花园、四季与数学

Il y a quelques semaines, Une mathématicienne au jardin est paru en Chine, et donc, logiquement, en chinois. Son titre est 花园、四季与数学, ce qui signifie « Jardins, saisons et mathématiques ». Mon nom, écrit en chinois simplifié, s’écrit 克莱尔·洛梅.

Je n’ai pas encore reçu mes exemplaires en chinois, et j’ai hâte : c’est vraiment formidable pour moi d’être traduite, en plus encore dans une langue qui est aussi mystérieuse à mes yeux.

Comme je me demandais où tout ceci en était, j’ai donc fureté sur internet. J’ai trouvé des articles de journaux, des critiques et des comptes-rendus, positifs et chaleureux. Et puis j’ai trouvé celui-ci. Il m’a toute retournée, touchée et émue. Si loin de mon jardin mathématique, tout au coeur de la Normandie, une personne m’a lue et a écrit un compte-rendu de lecture éblouissant. Elle a tellement bien compris ce que j’ai voulu écrire, et m’a si bien cernée…

Voici son texte :

Ces derniers temps, la médaille Fields s’est emparée de mon fil d’actualités.

Deux mathématiciens chinois, Wang Hong et Deng Yu, ont tous deux décroché le « graal des mathématiques ». L’histoire s’écrit à nouveau et tout le Web s’enflamme.

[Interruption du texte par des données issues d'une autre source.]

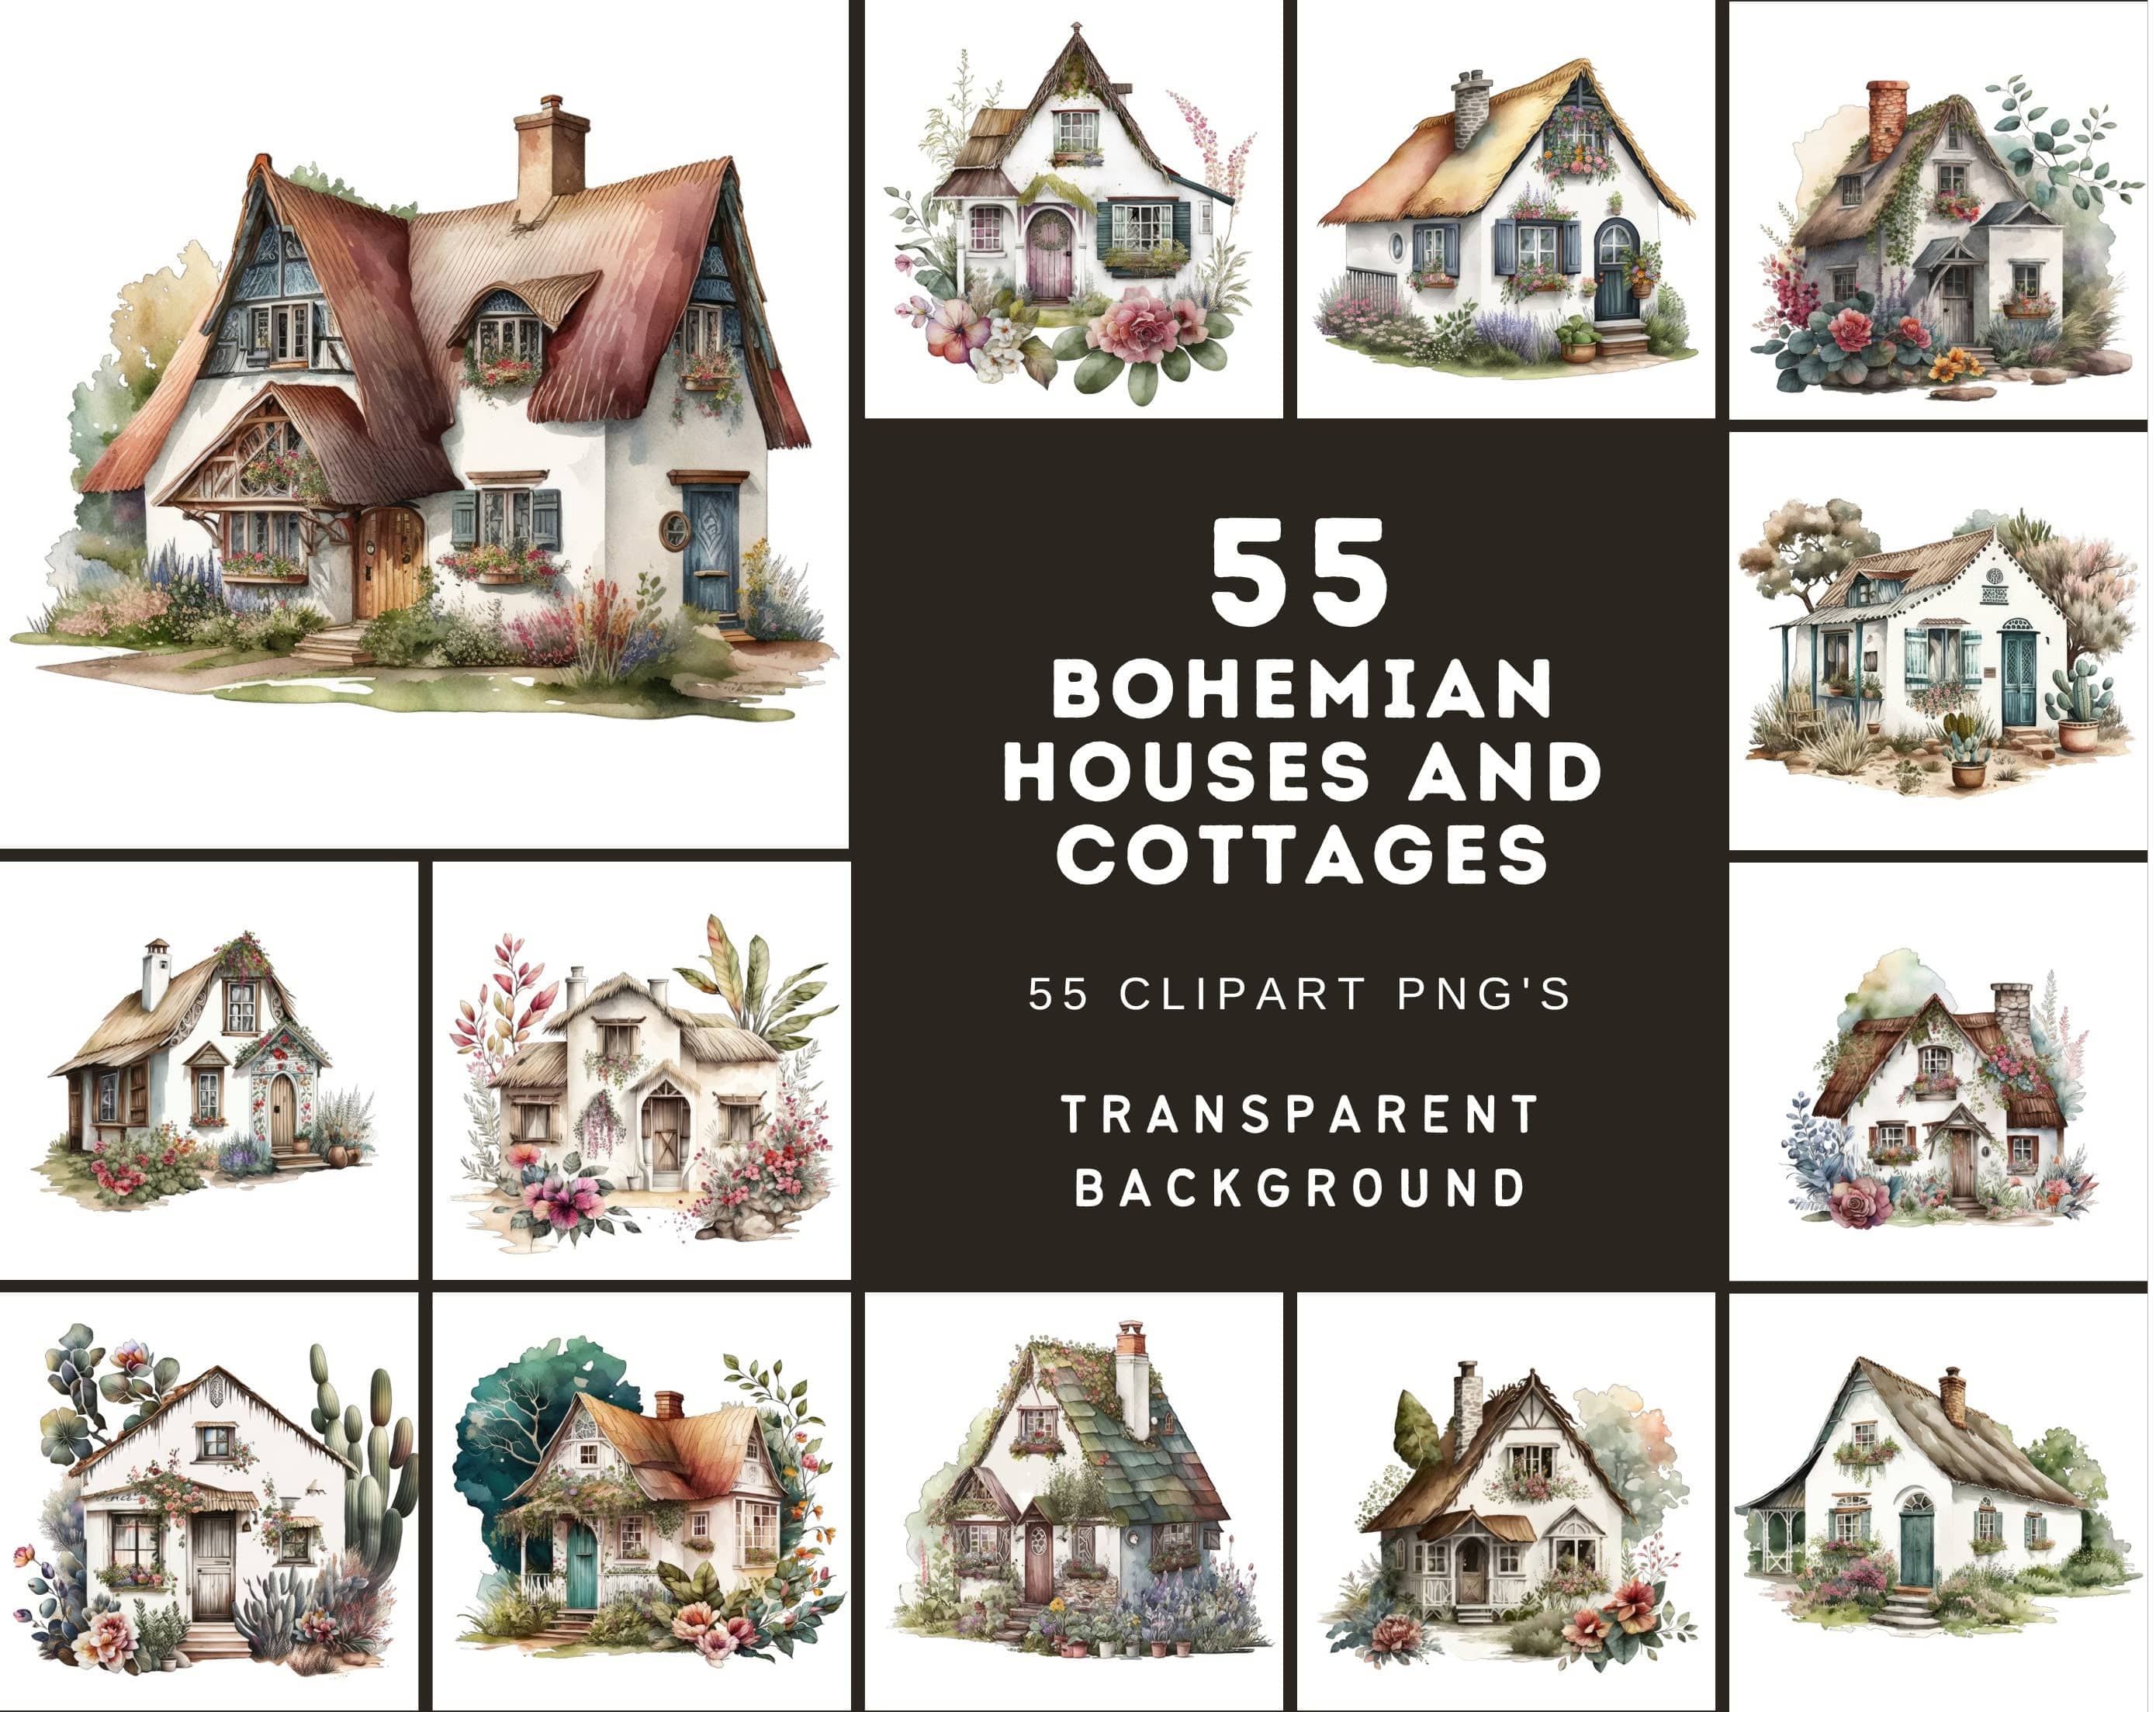 Enchanting Bohemian House & Cottage Image Bundle - 55 Unique, Boho Chic Home Transparent Illustrations for Digital and Print Projects Digital Download Sumobundle

J’ai partagé cette euphorie un moment, mais en ouvrant les articles présentant leurs travaux, j’ai tout refermé en silence au bout de trois lignes : conjecture de Kakeya en trois dimensions, analyse harmonique, conjectures de restriction… Je connaissais chaque mot pris isolément, mais mis ensemble, cela ressemblait à une langue étrangère.

À cet instant, je me suis dit que pour la plupart des gens, les maths ont toujours résumé cela : des formules entassées sur le tableau vert, des démonstrations à donner le tournis sur les sujets d’examen, et des batteries d’exercices répétées jusqu’à l’épuisement pour grappiller des points. J’ai même cru un temps que toute la raison d’être des maths consistait à nous faire réussir une suite d’examens, pour ensuite les oublier la conscience tranquille le jour du diplôme.

Jusqu’à ce que j’ouvre ce livre : Jardins, saisons et mathématiques — Rencontrer la beauté des maths au cœur de la nature.

La couverture du livre est très intéressante. Quatre blocs de couleur s’assemblent : une étoile de mer sur fond bleu, une coccinelle sur fond jaune, une fleur sur fond rose et un grand arbre sur fond beige. À côté de chaque dessin fait main se cache discrètement une formule mathématique : nombre d’or, symboles de la théorie des ensembles, équation de la chaînette…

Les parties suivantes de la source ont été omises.